Arsenic which occurs natually often causes local toxicity as it leaches into the surrounding area. —Preceding unsigned comment added by (talk) 15:18, 11 March 2008 (UTC)

Neutron and Proton[edit]

The image at the top right lacks the proton and neutron count, unlike the other elements. sorry, I dont know how to edit it. Joh777nny 19:23, 13 October 2006 (UTC)


What's with the large space in the middle of the article? It seems to be cause by the table at right, but I can't find any way to "Wrap text." Anyone who can fix it, please do, it's distracting to the reader. Fyrebyrd 15:40, 27 March 2007 (UTC)

Arsenic limit test[edit]

in an arsenic limit test why are gases passed through lead acetate woll and how does hydrogen sulphide interfere with the results?(Snddempsey 12:11, 19 April 2007 (UTC))

Sword made out of arsenic?[edit]

My friend and I are having a big debate about this. Is it possible to make a sword out of arsenic, or would it be too brittle and break? - Katami 22:33, 30 April 2007 (UTC)

Not a chance. Most metals couldn't be used for a sword, let alone metalloids. Metalic arsenic is compressible, around 5x more compressible than bronze and 7x more compressible than iron. Metalic arsenic is also weak, with a Young's modulus (stress/strain) of around 8 GPa. Compare that to bronze (120 GPa), iron (190 GPa), or steel (200 GPa). I couldn't locate any value for the shear strength, but that should be sufficient to explain why we didn't have any ancient civilizations using arsenic swords.
But a sword with Arsenic on it? That is possible, though would not poison an opponent quickly. The other reason is Arsenic was discovered in 1250 by Albertus Magnus, that was quite a while ago, but not 'Ancient'.

German nazis?[edit]

Didn't the germans use arsenic to improve skin, get more shiny nicer-looking hair and better-looking eyes during the nazi era? Did they use white arsenic.. what dosages were used, what dose is considered subtoxic? what dose is considered lethal? andbir

Arsenic Acid[edit]

I know for a fact that Phsophoric Acid is a weak acid. The only strong acids are Hydrochloric, Hydroiodic, HydroBromic, Sulphuric, Nitric, and Perchloric acid.

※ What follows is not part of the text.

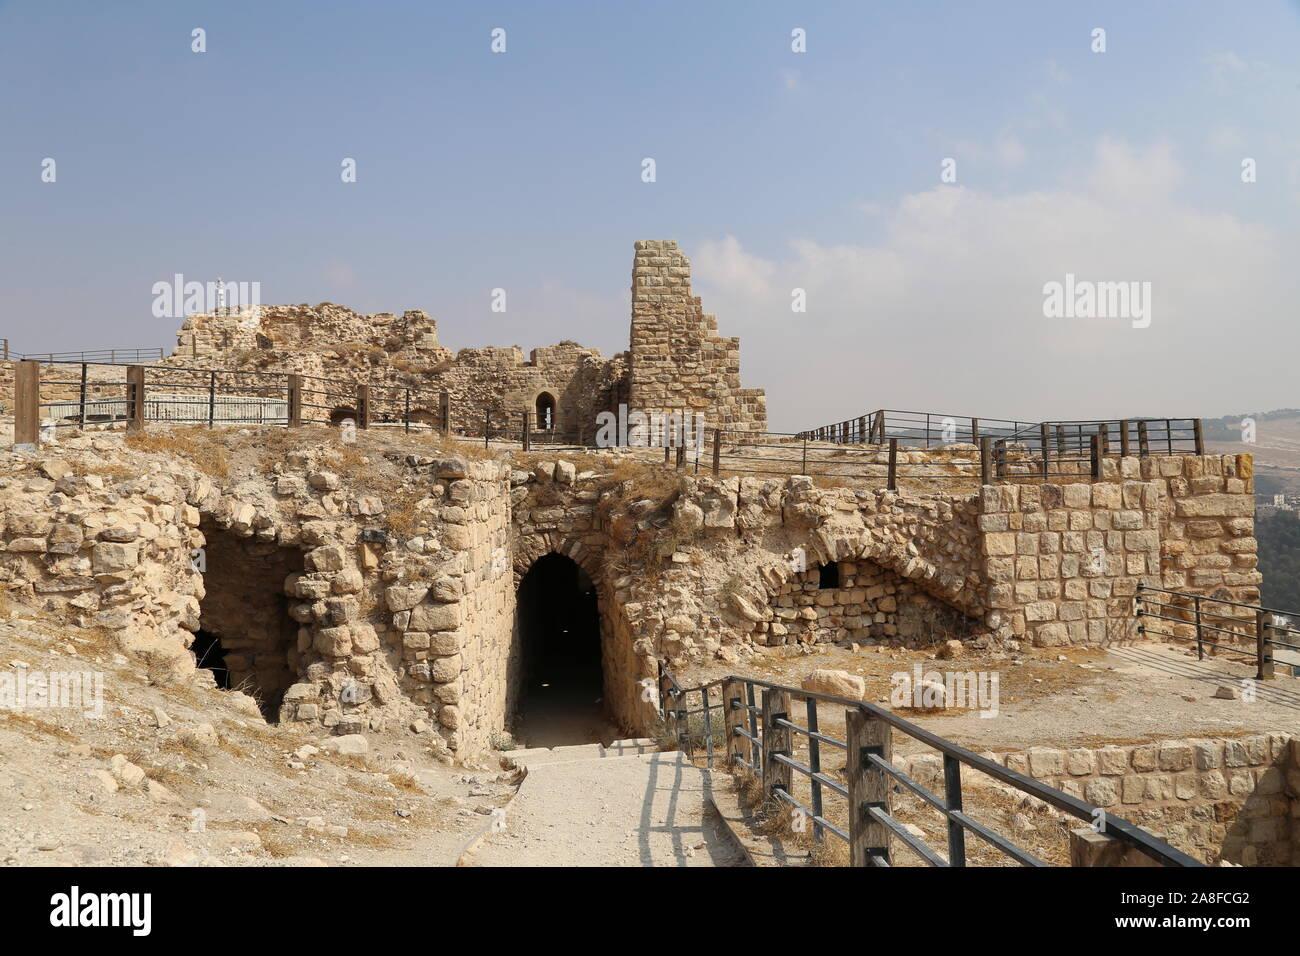 Kitchen and Barracks, Karak Castle, Al Karak, Karak Governorate, Jordan, Middle East Stock Photo

Plus a wealth of other acids. —Preceding unsigned comment added by (talk) 13:27, 8 May 2008 (UTC)


Is it just me, or does Arsenic seem to be one of the most useless elements? It just seems to be too poisonous to be of any good use whatsoever... McLoaf 16:59, 25 September 2007 (UTC)

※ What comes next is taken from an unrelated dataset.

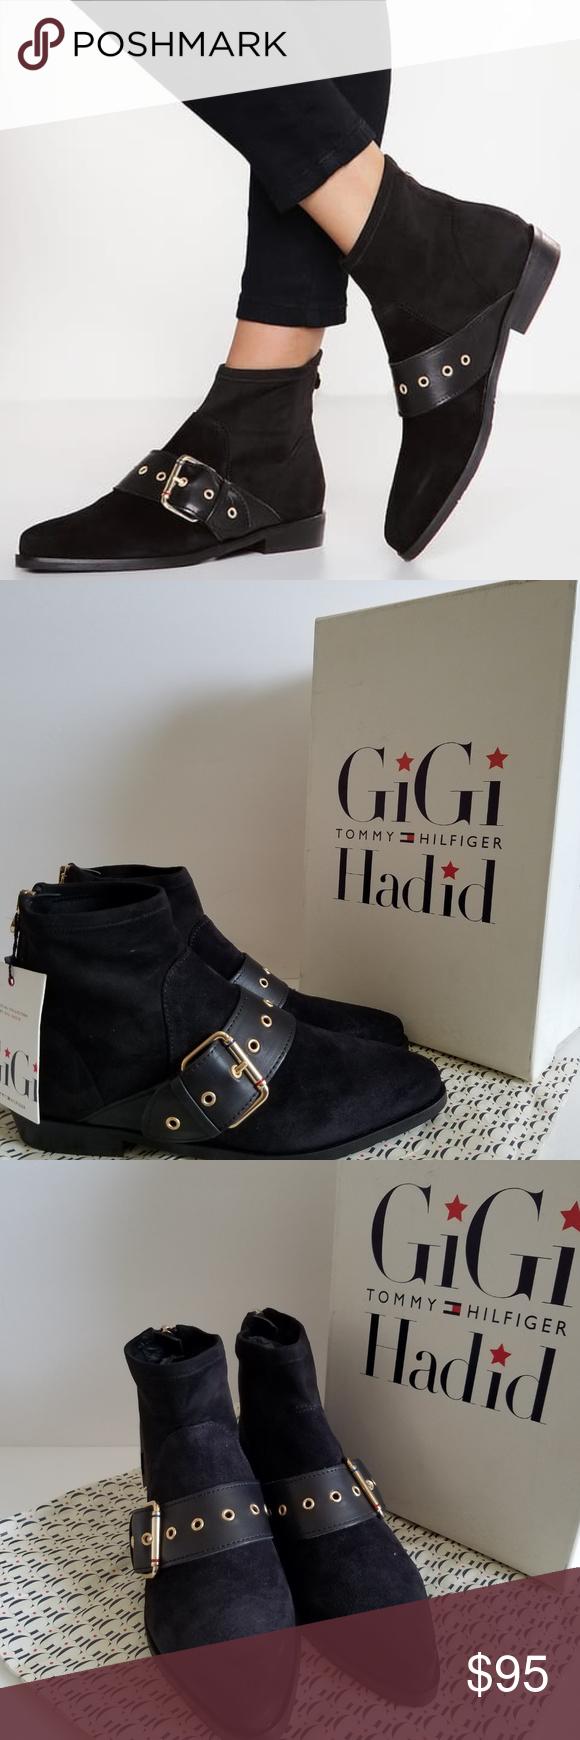 1c89486319cf Tommy Hilfiger GIGI HADID Black Ankle Flat Boots EUR Size 38 Original  Price   179.50 Material

it was used to treat syphillis at one point. Arthurian Legend 16:21, 8 October 2007 (UTC)

Yeah, but is it of any good use in the present? It seems pretty much a useless metal; too toxic to be of any good use... McLoaf 19:50, 28 October 2007 (UTC)

Arsenic#Applications - Might have been an idea to check the article first.. CycloneNimrod (talk) 19:16, 5 January 2008 (UTC)
To pick a nit, Arsenic is not a metal. —Preceding unsigned comment added by (talk) 13:16, 8 May 2008 (UTC)

Melting/boiling point[edit]

This article lists the melting point at a higher temperature than the boiling point. How can that be> —Preceding unsigned comment added by (talk) 20:29, 27 September 2007 (UTC)

It is liquid under pressure. —Preceding unsigned comment added by (talk) 13:19, 8 May 2008 (UTC)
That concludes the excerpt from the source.